There are limitations to Keyword as well - these are often not drawn from a controlled vocabulary, nor are Keyword terms consistently applied. Keyword and Subject are often also used interchangeably.
There is some history to this - see the Acknowledgement at the end of the schema.org Dataset description (http://schema.org/Dataset):
"This class is based upon W3C DCAT work, and benefits from collaboration around the DCAT, ADMS and VoID vocabularies. See http://www.w3.org/wiki/WebSchemas/Datasets for full details and mappings."
The VoID vocabulary (https://www.w3.org/TR/void/#subject) includes a discussion of what should be included as a "subject", while the DCAT "dataset" includes a "keyword" (https://dvcs.w3.org/hg/gld/raw-file/default/dcat/index.html#Property:dataset_keyword), and Dublin Core includes DC:subject (http://purl.org/dc/elements/1.1/subject).
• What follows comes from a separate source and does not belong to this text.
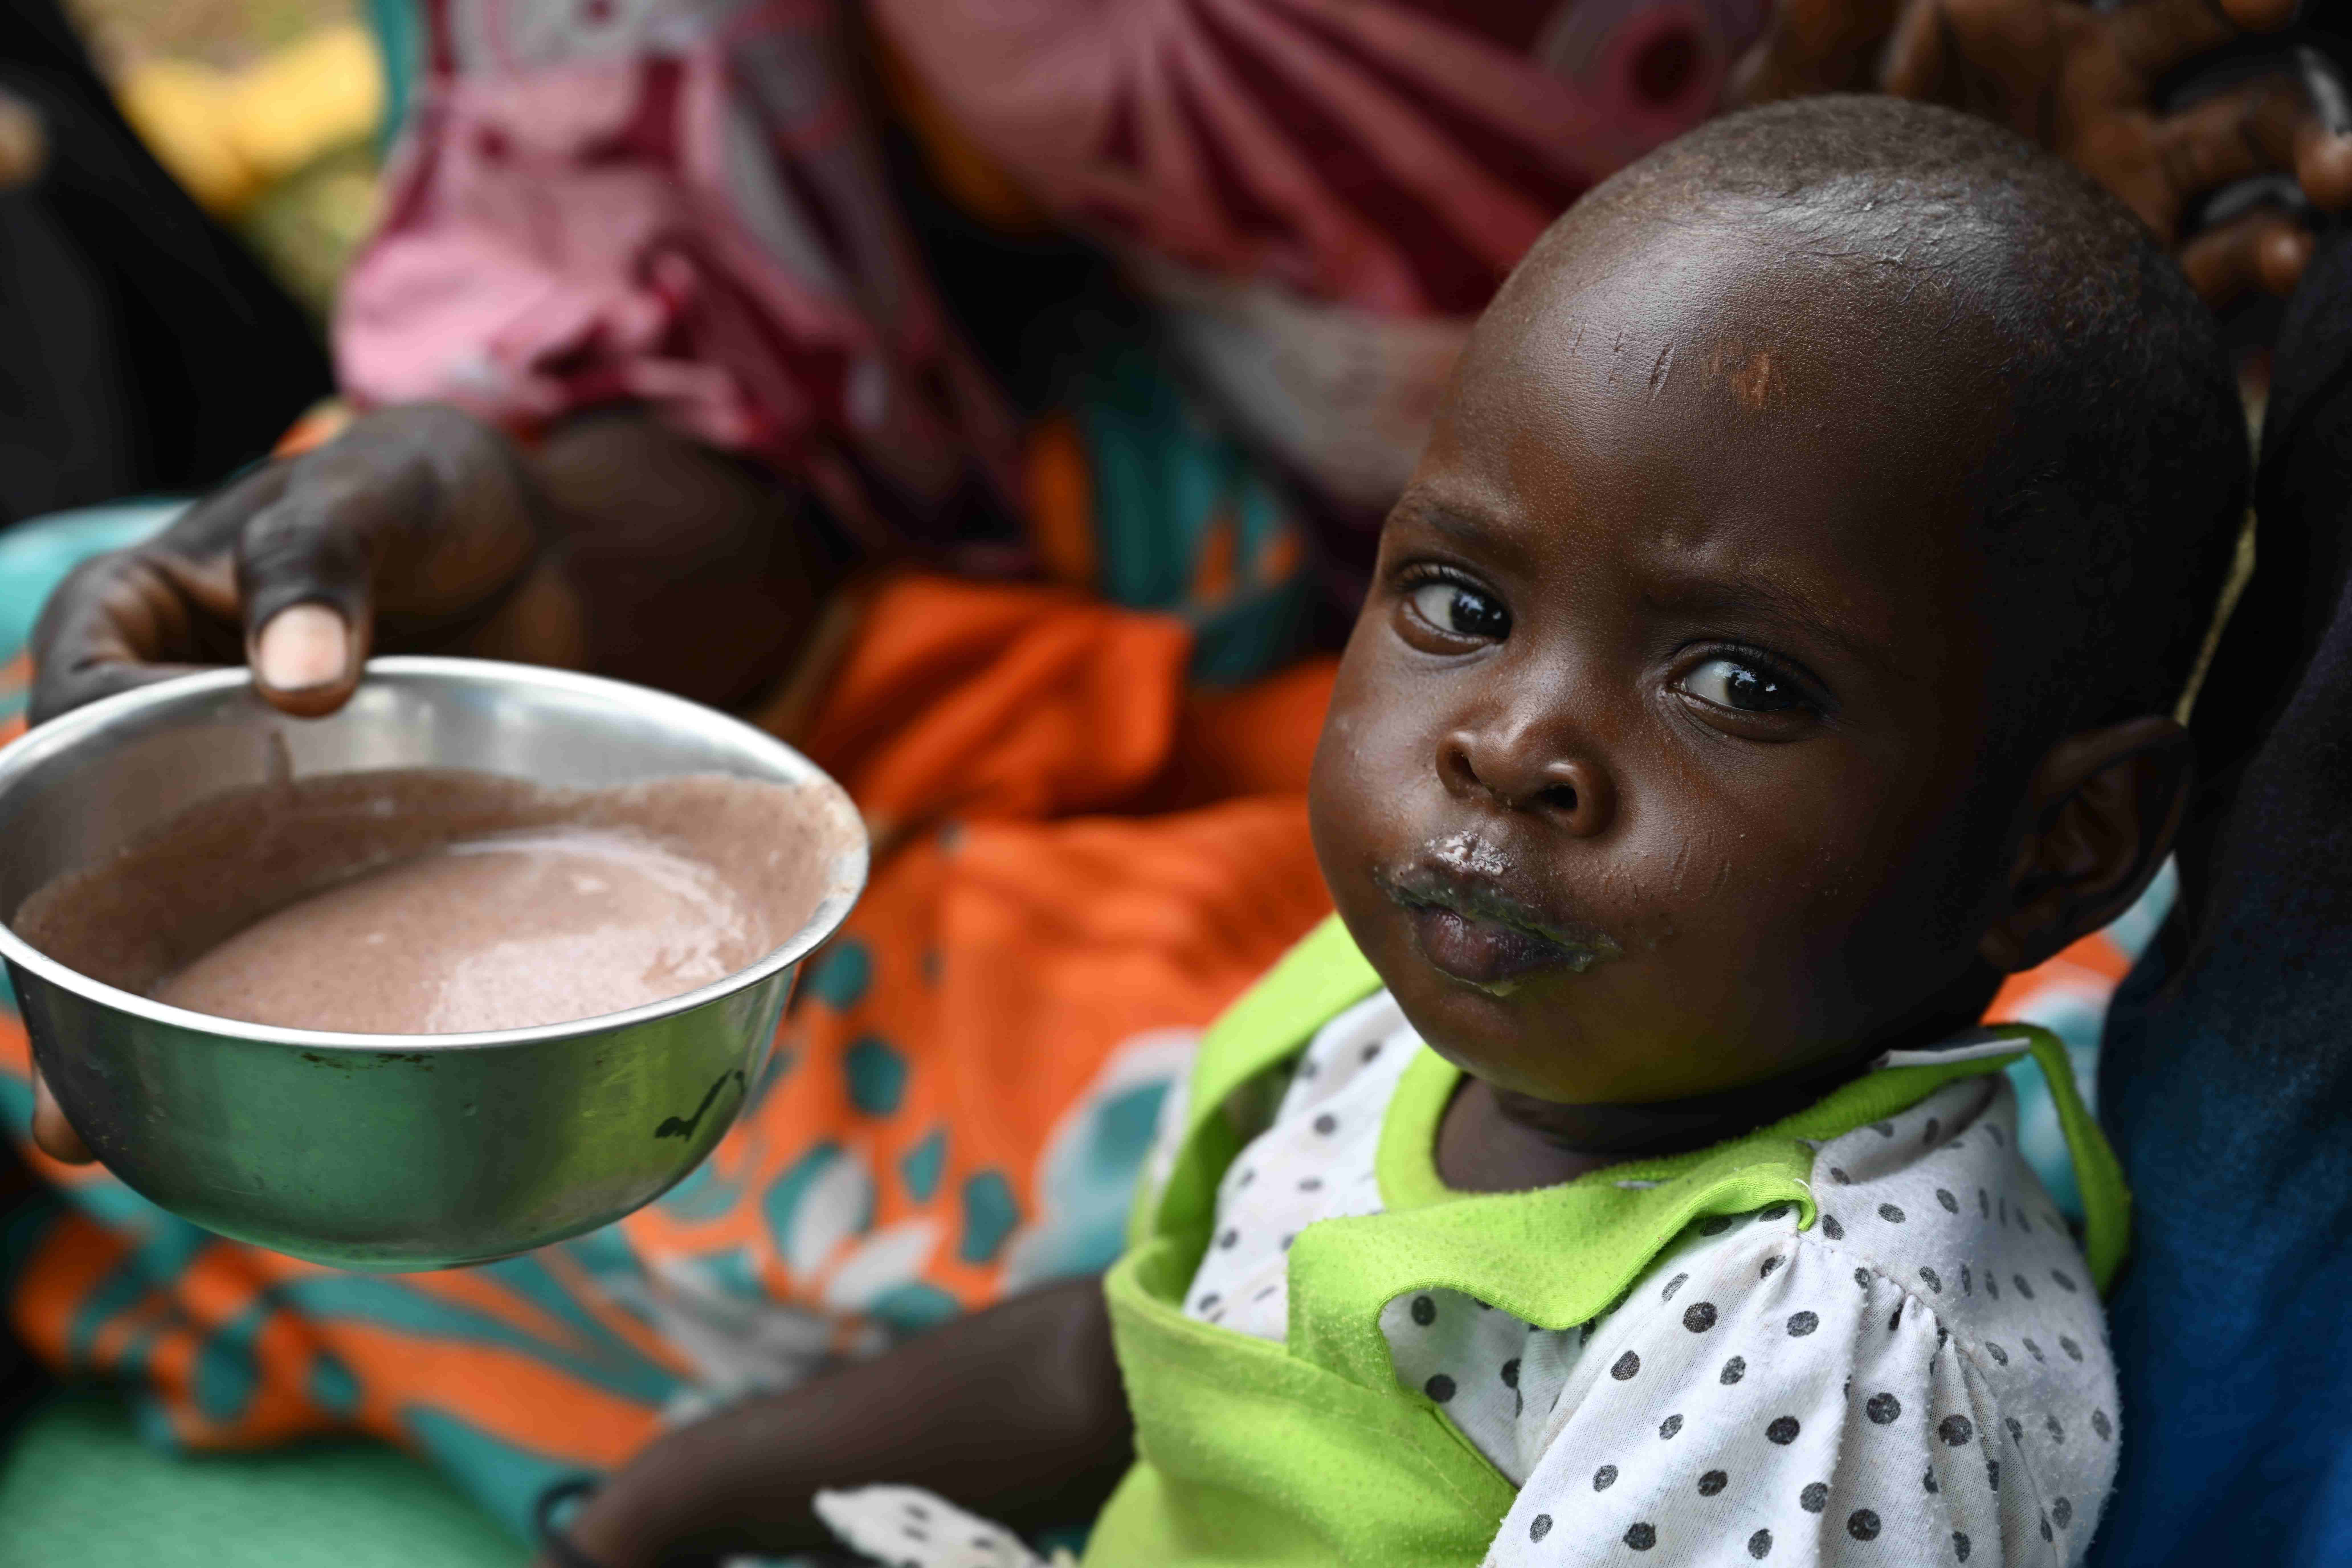 Children eat a nutritious meal, in the village of Golonti, in the Guéra Region of Chad.

I think the most useful discussion on this from the above is the VoID proposal:
https://www.w3.org/TR/void/#subject
They start with asking a question: "When someone wants to select a dataset, one of the fundamental questions is, what does the dataset actually offer?" My concern is that I'm not sure that describing something as "Social Science" (which is what mapping schema.org/keyword to dataverse/subject will do) will really help the user much.
Unfortunately I don't have a better approach for you on this - just highlighting the limitations of the Dataverse Subject field in this area.